Dos 81,5 mil corredores cadastrados pela entidade, que participam frequentemente, 3,5 mil são das sete cidades do Grande ABC. Dos 6,5 mil associados, que contribuem com R$ 50,00 anuais para ter acesso a informações especializadas via internet, usufruir de descontos em estabelecimentos comerciais e obter abatimento nas inscrições, 400 estão no Grande ABC.

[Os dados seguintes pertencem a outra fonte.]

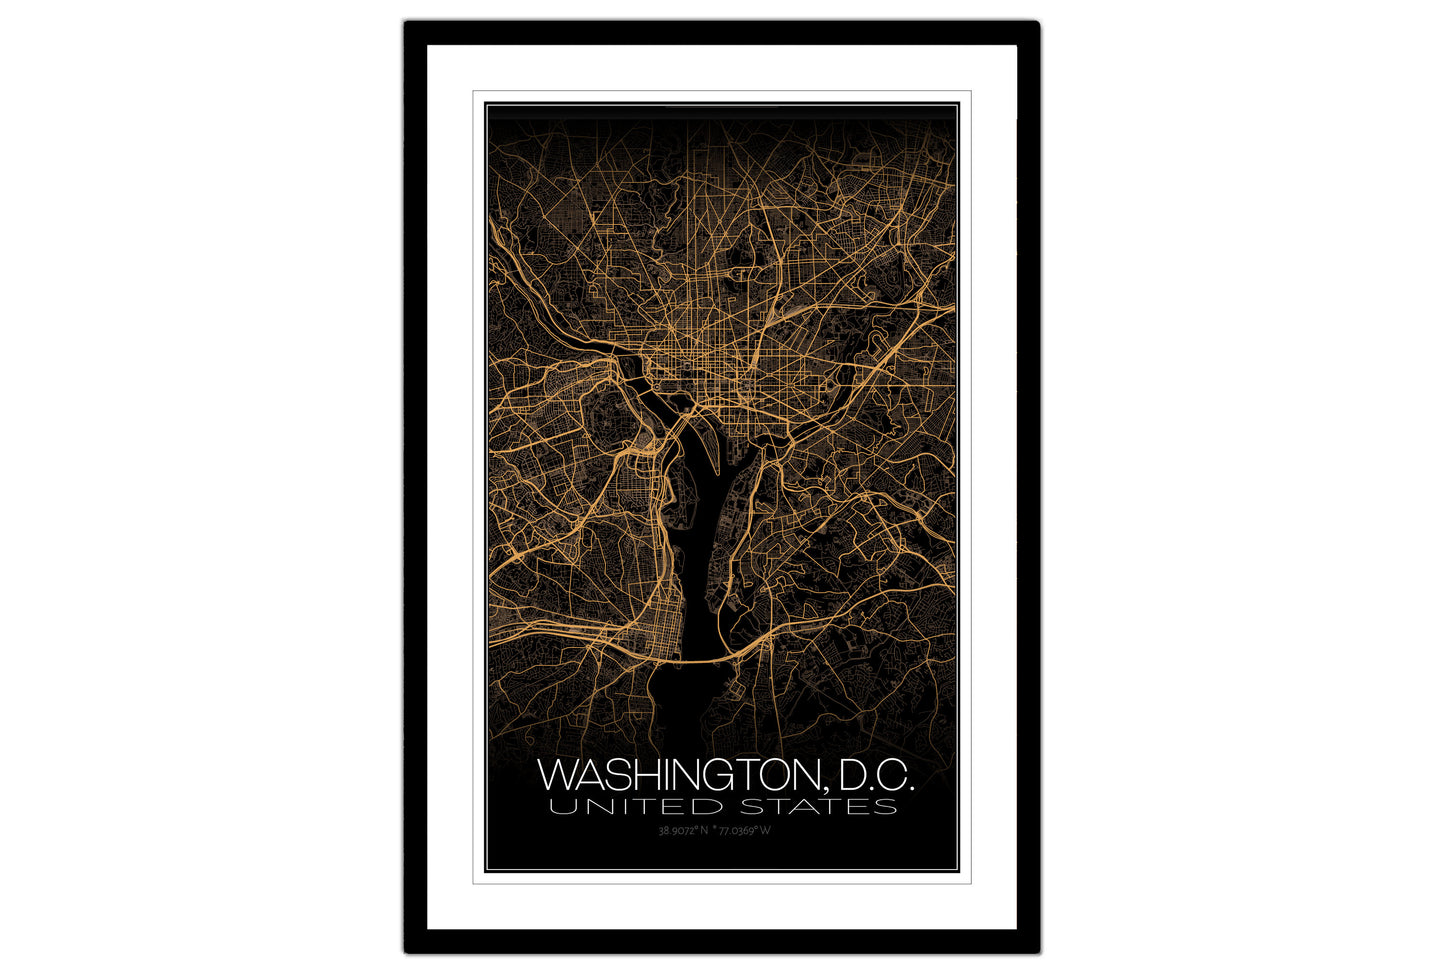 Washington D.C., United States

A maior parte dos eventos da Corpore é realizada na Capital paulista, mas o Grande ABC também assistiu à multiplicação de corridas nos últimos tempos. Além de eventos tradicionais como a Corrida de Reis de São Caetano e as 10 Milhas do Rotary de Ribeirão Pires, surgiram a Meia Maratona de São Bernardo, lançada em 2003, a Meia Maratona Shopping ABC, em 2002, e a Corrida do Clube Atlético Aramaçan, cuja primeira edição foi realizada em agosto em comemoração aos 73 anos de um dos maiores e mais tradicionais clubes socioesportivos da região.
O crescimento da quantidade de provas de rua é apenas um dos parâmetros para analisar o fenômeno da corrida porque é simplesmente incalculável o contingente que sua a camisa em parques, praças, ruas, academias e não participa dos eventos. Basta passar no Parque Celso Daniel, em Santo André, ou no Parque Cidade São Bernardo, na Avenida Kennedy, para sentir a evolução não captada por estatísticas.
Apoio técnico
Além de promover benefícios fisiológicos e psicossociais, a corrida cresce porque é uma modalidade relativamente acessível e flexível. Diferentemente de esportes como tênis e natação, não requer espaços e equipamentos específicos, a não ser um bom par de tênis com sistema de amortecimento de impacto, que pode ser comprado em suaves prestações em qualquer loja do ramo. Contrariamente a modalidades como futebol e vôlei, que requerem harmonização da agenda de vários participantes, a corrida pode ser exercida individualmente durante brechas de tempo entre um compromisso e outro. É só lembrar de levar o par de tênis e o calção no carro.
A autonomia contribui para a popularização, mas quem deseja se aprimorar no esporte deve recorrer a profissionais habilitados. Um dos maiores especialistas no Grande ABC é o personal trainer Agnaldo Sampaio, que dá aulas exclusivas e atende grupos de alunos na Academia Tem Esportes, de São Bernardo. Agnaldo se diferencia por priorizar o aperfeiçoamento do que chama de gestos técnicos da corrida. O método Run Tech (corrida técnica) sintetiza a experiência prática de maratonista e o repertório teórico como professor de educação física e expert no assunto. “Quanto mais próxima da perfeição for a biomecânica do movimento, mais eficiente é a conversão de energia em velocidade” — considera.
Homem e veículo
A melhor maneira de entender a importância da biomecânica para o desempenho de um corredor é traçar analogia com o automóvel. Imagine um carro com motor potente, porém com os pneus murchos, o freio de mão um pouco puxado e o sistema de suspensão irregular. Assim é um atleta bem condicionado, mas que se acostumou a correr com postura desfavorável.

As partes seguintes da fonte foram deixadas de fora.